- Issue 1 cover by Marco Checchetto

Publication information
- Publisher: Marvel Comics
- Schedule: Monthly
- Format: Limited series
- Publication date: 2012
- No. of issues: 5
- Main character: Punisher

Creative team
- Created by: Greg Rucka
- Written by: Greg Rucka
- Artist(s): Carmine Di Giandomenico Matthew 'Matt' Hollingsworth
- Penciller: Carmine Di Giandomenico
- Inker: Carmine Di Giandomenico
- Letterer: Joe Caramagna
- Colorist: Matthew 'Matt' Hollingsworth
- Editor(s): Axel Alonso Cory Levine Ellie Pyle Nelson Ribeiro Alex Starbuck Stephen Wacker

= Punisher: War Zone (2012 series) =

2012 Marvel Comics limited series

Punisher: War Zone, also known as The Punisher War Zone, is a comic book series published by Marvel Comics about the vigilante The Punisher. The series was written by Greg Rucka as a follow-up to his previous Punisher series from 2011, meant to finish the story Rucka had begun in the 2011 series. The interior illustration was done by Carmine Di Giandomenico.

==Plot==
During the series, Frank Castle (The Punisher) finds himself attacked by several members of the Avengers, who are all trying to stop his lethal personal war against crime, especially after he is accused of killing several police officers. Wolverine attempts to speak with him and believes Castle when he says he did not murder the policemen and lets Castle go.

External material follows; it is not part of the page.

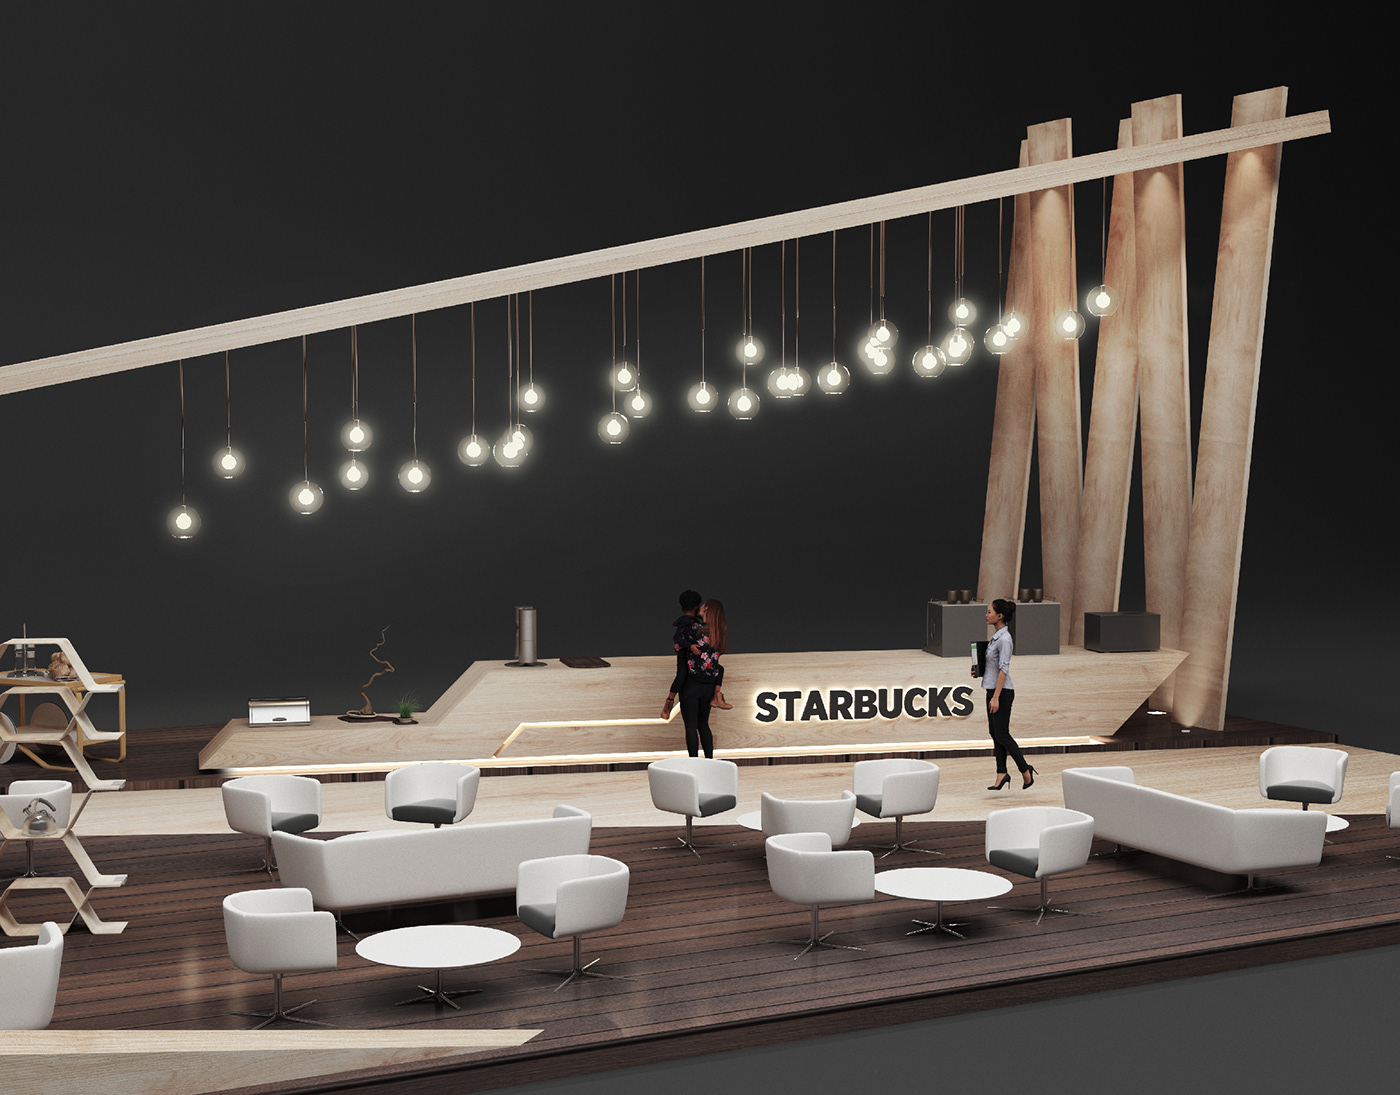 3dmax activation booth Coffee mall networking socializing working area

Afterwards, Castle finds out that his supposed accomplice, Rachel Cole, will most likely be executed for the crime they have been accused of and he must save her. He fights with Natasha Romanoff (Black Widow) and Thor and manages to steal one of Iron Man's armors to give Cole enough time to escape. After he's beaten down by several Avengers, Castle is made to surrender by Steve Rogers (Captain America) who urges him to stand down like the military man he is after the battle is over and he knows he is beaten. Castle, unwilling to refuse an order from Rogers, whom he respects, gives up and is placed in prison.

==Reception==
The series holds an average rating of 7.7 by 64 professional critics on the review aggregation website Comic Book Roundup.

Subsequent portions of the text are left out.